Task objective :: Using the data that follows, give again word for word the lines between the one holding "Schild für das" and the one holding "Фигура 4.18: Резултати", inclusive. Omit the pictures.

Records for this task ::
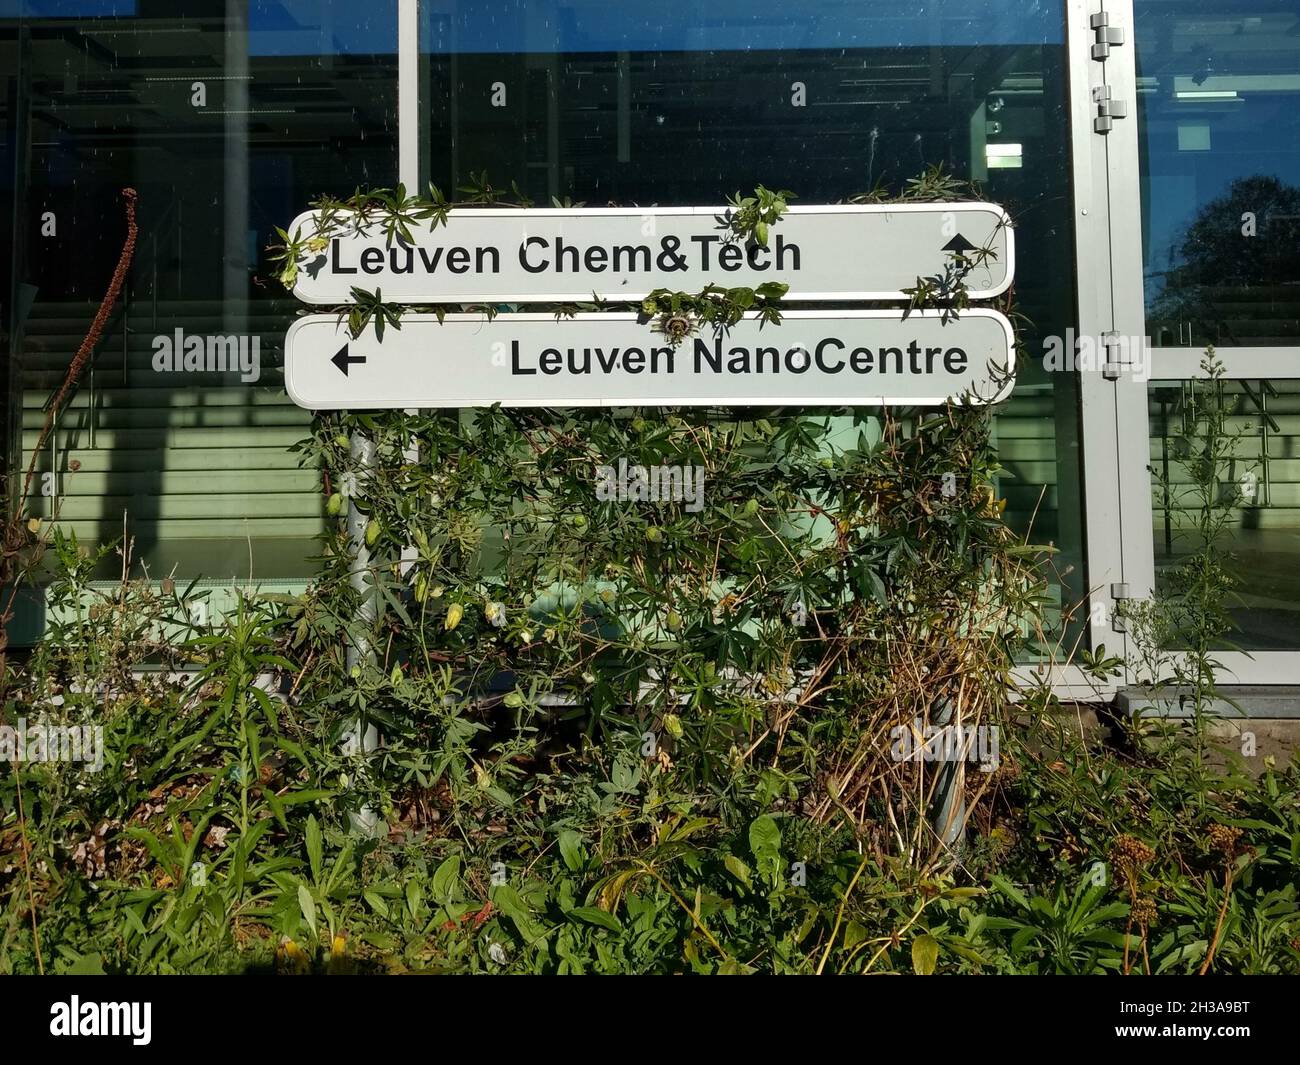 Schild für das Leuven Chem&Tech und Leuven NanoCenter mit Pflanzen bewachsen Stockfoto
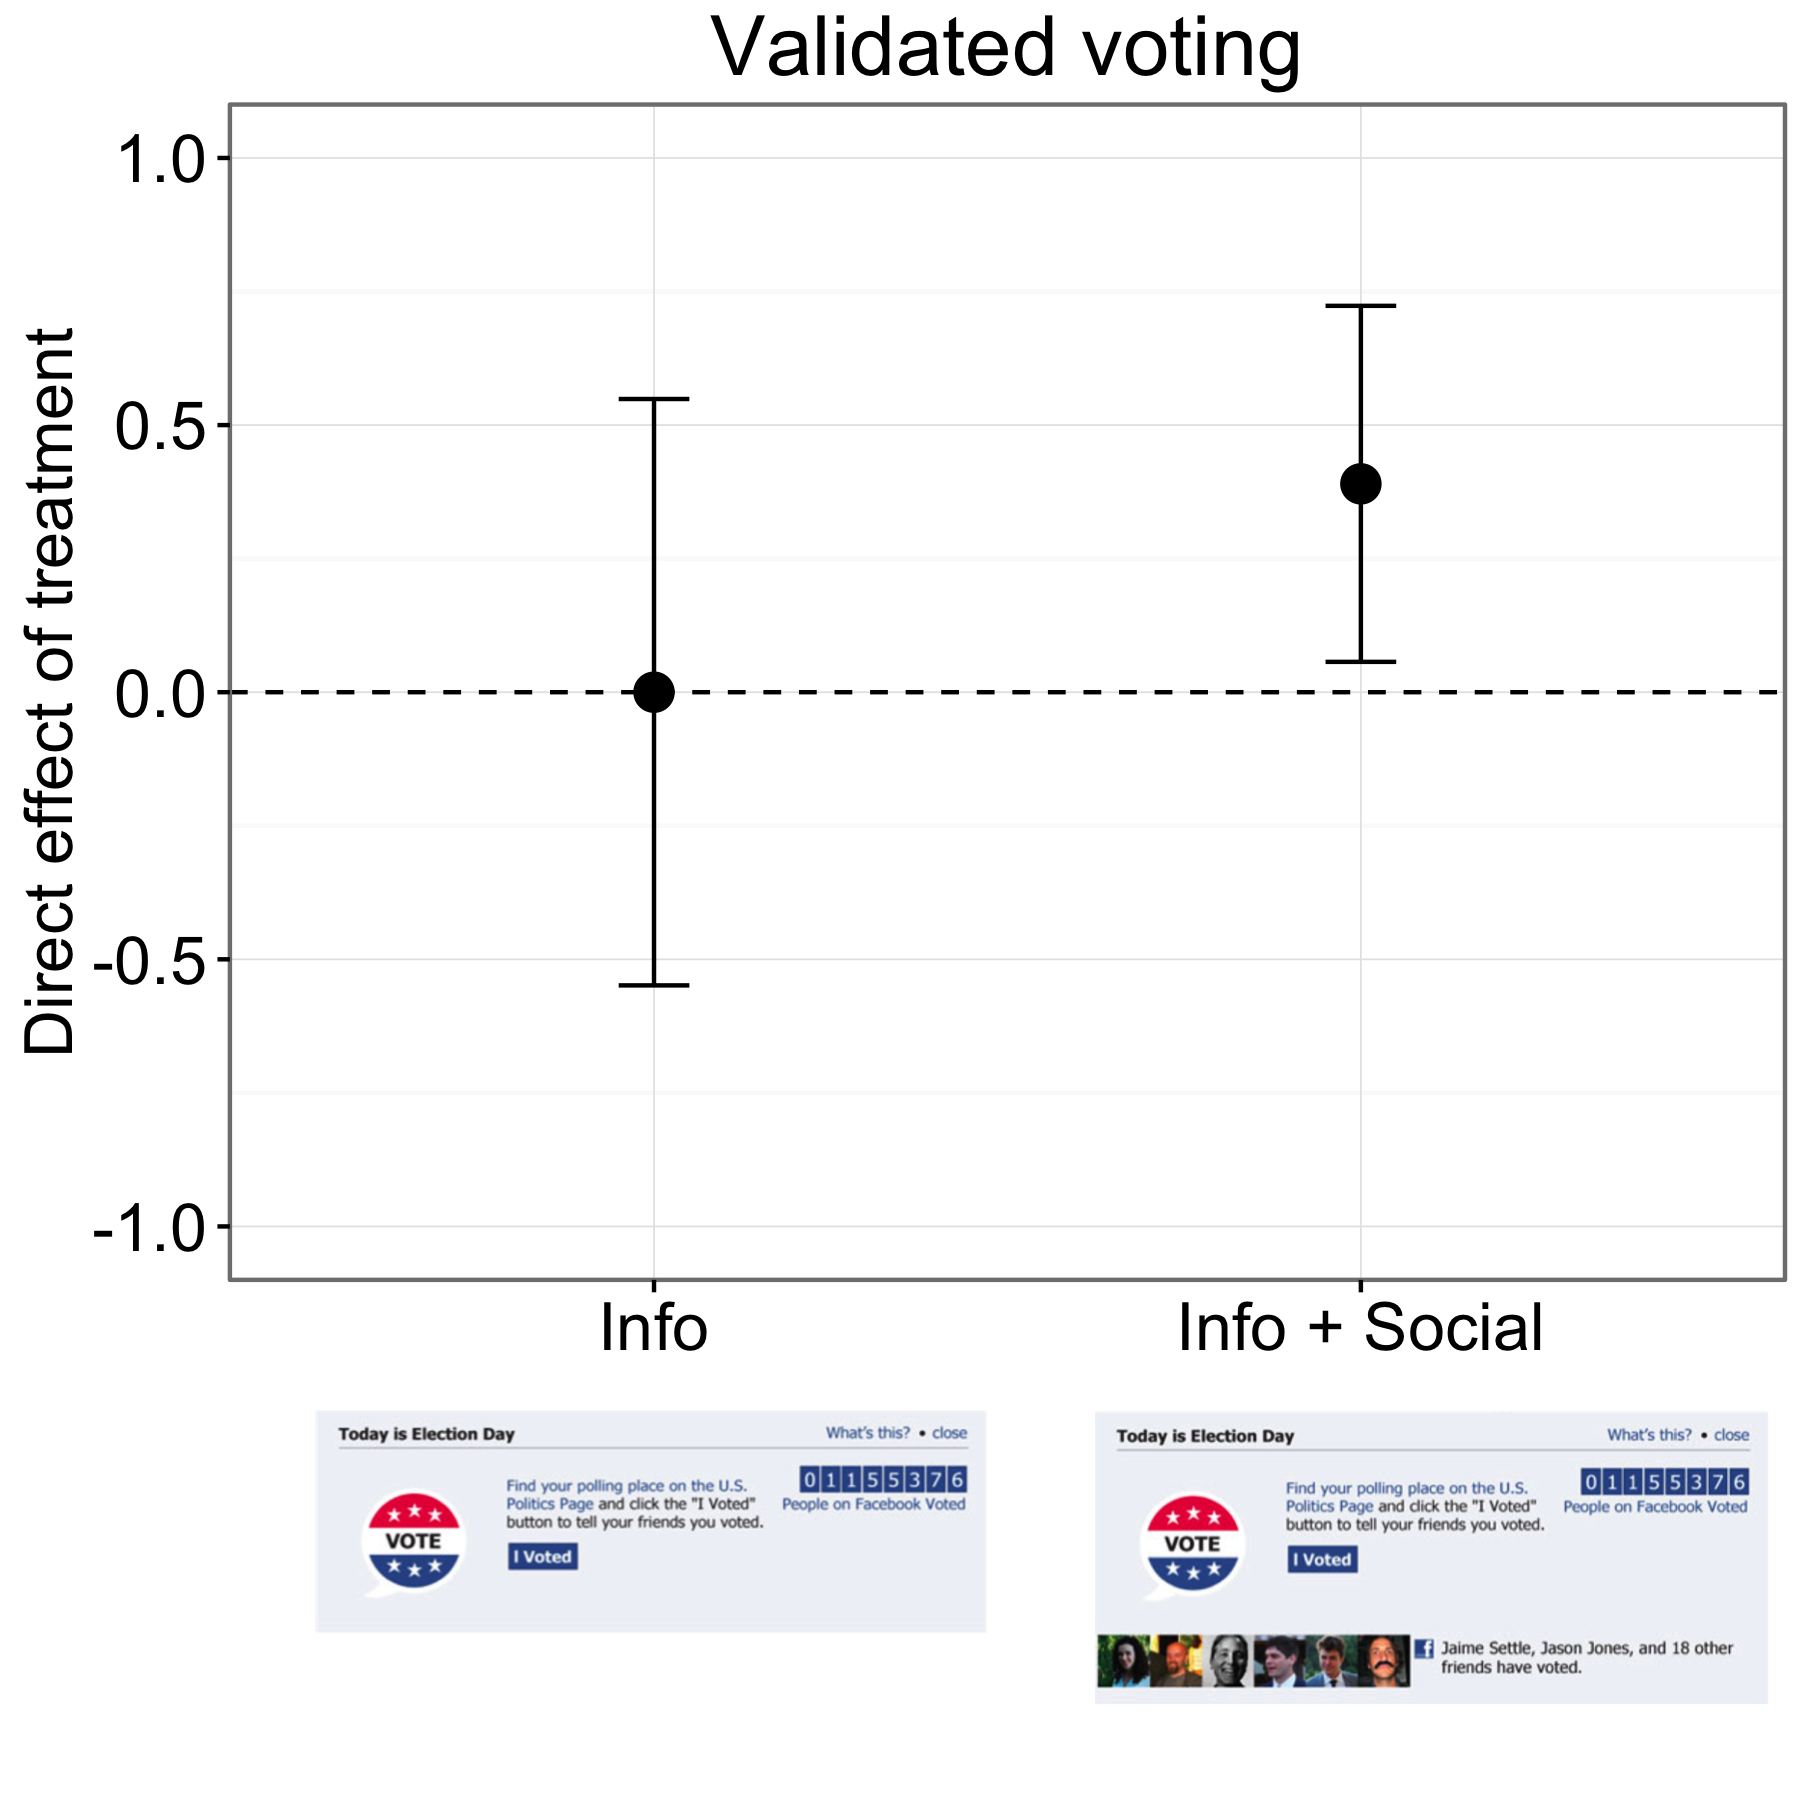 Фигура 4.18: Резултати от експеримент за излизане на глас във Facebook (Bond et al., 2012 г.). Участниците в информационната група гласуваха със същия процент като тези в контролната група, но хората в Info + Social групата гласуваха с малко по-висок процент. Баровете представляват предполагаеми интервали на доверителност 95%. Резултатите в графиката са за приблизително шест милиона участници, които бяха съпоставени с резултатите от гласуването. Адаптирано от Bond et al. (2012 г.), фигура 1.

...

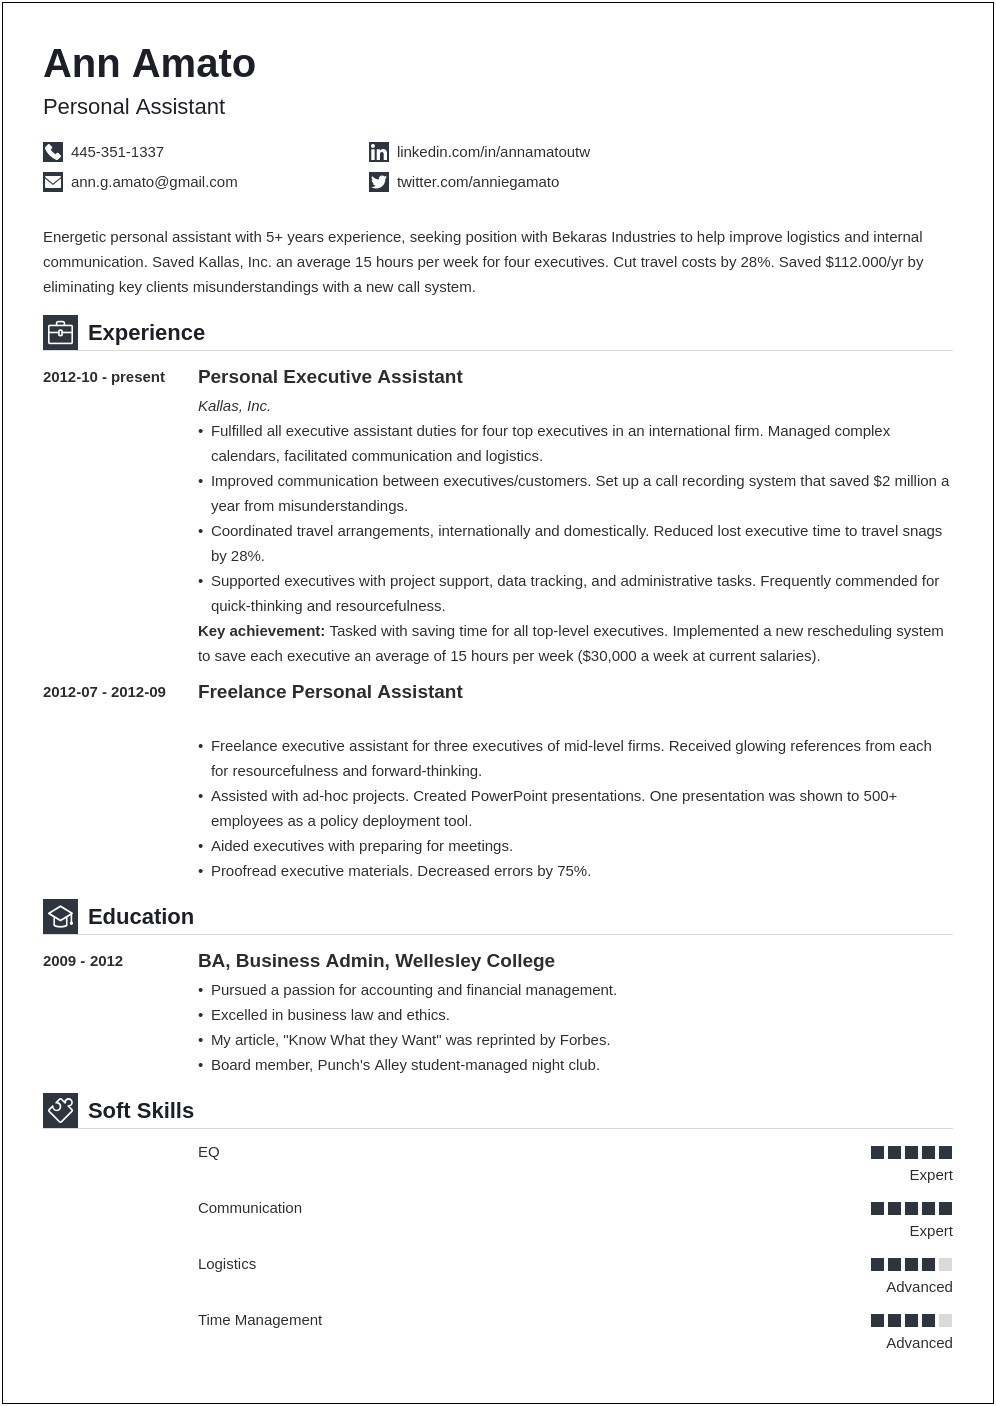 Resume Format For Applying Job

Result for this task ::
 Schild für das Leuven Chem&Tech und Leuven NanoCenter mit Pflanzen bewachsen Stockfoto
 Фигура 4.18: Резултати от експеримент за излизане на глас във Facebook (Bond et al., 2012 г.). Участниците в информационната група гласуваха със същия процент като тези в контролната група, но хората в Info + Social групата гласуваха с малко по-висок процент. Баровете представляват предполагаеми интервали на доверителност 95%. Резултатите в графиката са за приблизително шест милиона участници, които бяха съпоставени с резултатите от гласуването. Адаптирано от Bond et al. (2012 г.), фигура 1.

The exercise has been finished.